→ Exercise prompt: Would you return, word for word, the lines of the data below from the line with "The concerns over" through the line with "Featured image for", and no others?

[Opening Provided data section]

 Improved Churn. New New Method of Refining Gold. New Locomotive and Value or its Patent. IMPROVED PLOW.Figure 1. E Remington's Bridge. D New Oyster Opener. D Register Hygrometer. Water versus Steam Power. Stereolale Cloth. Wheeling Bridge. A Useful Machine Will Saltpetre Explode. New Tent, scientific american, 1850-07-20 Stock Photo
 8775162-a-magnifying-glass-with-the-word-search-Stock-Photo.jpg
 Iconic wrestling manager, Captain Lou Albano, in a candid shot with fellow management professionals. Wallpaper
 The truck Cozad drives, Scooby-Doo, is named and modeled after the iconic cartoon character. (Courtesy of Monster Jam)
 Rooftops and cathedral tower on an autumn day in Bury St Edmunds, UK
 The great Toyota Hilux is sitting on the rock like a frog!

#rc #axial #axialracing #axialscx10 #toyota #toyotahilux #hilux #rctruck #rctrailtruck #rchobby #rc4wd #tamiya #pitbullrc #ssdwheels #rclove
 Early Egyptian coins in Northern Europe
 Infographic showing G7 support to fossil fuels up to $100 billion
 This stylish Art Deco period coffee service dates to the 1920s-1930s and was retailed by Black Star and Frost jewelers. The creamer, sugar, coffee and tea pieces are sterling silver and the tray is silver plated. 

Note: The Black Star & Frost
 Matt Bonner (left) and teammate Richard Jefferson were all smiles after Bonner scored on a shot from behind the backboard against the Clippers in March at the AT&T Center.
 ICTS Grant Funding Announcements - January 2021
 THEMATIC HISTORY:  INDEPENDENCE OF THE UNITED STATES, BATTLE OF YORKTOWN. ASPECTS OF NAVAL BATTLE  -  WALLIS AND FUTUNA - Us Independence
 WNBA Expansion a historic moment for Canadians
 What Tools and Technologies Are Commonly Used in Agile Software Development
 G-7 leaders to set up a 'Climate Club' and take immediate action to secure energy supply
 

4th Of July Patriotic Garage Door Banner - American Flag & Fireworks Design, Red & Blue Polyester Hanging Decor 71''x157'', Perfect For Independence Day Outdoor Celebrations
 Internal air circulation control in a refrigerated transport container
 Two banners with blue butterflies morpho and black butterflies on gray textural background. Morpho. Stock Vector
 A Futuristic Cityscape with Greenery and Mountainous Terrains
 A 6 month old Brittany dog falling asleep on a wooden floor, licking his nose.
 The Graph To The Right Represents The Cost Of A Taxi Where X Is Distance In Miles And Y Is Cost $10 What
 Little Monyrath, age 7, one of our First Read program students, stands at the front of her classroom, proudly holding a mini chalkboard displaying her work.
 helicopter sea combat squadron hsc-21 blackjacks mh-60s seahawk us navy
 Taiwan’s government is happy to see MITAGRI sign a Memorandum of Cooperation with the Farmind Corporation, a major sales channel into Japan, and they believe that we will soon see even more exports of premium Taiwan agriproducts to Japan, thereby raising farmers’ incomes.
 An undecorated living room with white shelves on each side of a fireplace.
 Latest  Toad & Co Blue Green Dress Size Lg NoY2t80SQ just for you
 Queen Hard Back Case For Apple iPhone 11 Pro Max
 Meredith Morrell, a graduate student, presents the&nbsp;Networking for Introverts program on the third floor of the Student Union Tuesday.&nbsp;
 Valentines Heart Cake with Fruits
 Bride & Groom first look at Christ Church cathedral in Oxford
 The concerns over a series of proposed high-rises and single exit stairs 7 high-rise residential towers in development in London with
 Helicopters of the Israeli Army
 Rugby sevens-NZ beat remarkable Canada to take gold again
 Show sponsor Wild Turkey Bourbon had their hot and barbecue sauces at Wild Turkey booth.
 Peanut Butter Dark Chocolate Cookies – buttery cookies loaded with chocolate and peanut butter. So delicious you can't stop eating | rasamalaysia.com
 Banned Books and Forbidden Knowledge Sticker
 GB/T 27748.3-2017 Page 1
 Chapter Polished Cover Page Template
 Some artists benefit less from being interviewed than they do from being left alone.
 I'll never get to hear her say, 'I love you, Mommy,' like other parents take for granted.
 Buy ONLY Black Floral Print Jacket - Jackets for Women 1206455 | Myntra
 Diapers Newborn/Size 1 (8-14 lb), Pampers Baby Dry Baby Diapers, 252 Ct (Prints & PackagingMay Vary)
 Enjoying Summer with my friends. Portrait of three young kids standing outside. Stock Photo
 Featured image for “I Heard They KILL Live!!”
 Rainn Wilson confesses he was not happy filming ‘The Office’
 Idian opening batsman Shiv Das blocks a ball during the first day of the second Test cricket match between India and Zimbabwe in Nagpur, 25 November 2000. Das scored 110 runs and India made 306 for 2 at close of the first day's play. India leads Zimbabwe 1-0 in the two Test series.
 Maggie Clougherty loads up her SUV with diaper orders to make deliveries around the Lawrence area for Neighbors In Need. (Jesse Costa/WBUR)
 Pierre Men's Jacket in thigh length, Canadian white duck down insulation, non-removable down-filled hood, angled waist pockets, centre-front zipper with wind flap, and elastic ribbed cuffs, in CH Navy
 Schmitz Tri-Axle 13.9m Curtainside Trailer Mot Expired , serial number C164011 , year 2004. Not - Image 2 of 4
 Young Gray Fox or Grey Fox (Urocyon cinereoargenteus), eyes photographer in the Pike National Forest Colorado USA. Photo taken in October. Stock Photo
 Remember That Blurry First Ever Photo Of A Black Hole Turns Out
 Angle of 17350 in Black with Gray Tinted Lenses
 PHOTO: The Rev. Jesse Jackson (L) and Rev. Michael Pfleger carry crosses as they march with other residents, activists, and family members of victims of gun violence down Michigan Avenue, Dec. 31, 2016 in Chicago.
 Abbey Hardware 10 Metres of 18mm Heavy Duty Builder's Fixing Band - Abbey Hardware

[Closing Provided data section]

→ Solution to this problem:
 The concerns over a series of proposed high-rises and single exit stairs 7 high-rise residential towers in development in London with
 Helicopters of the Israeli Army
 Rugby sevens-NZ beat remarkable Canada to take gold again
 Show sponsor Wild Turkey Bourbon had their hot and barbecue sauces at Wild Turkey booth.
 Peanut Butter Dark Chocolate Cookies – buttery cookies loaded with chocolate and peanut butter. So delicious you can't stop eating | rasamalaysia.com
 Banned Books and Forbidden Knowledge Sticker
 GB/T 27748.3-2017 Page 1
 Chapter Polished Cover Page Template
 Some artists benefit less from being interviewed than they do from being left alone.
 I'll never get to hear her say, 'I love you, Mommy,' like other parents take for granted.
 Buy ONLY Black Floral Print Jacket - Jackets for Women 1206455 | Myntra
 Diapers Newborn/Size 1 (8-14 lb), Pampers Baby Dry Baby Diapers, 252 Ct (Prints & PackagingMay Vary)
 Enjoying Summer with my friends. Portrait of three young kids standing outside. Stock Photo
 Featured image for “I Heard They KILL Live!!”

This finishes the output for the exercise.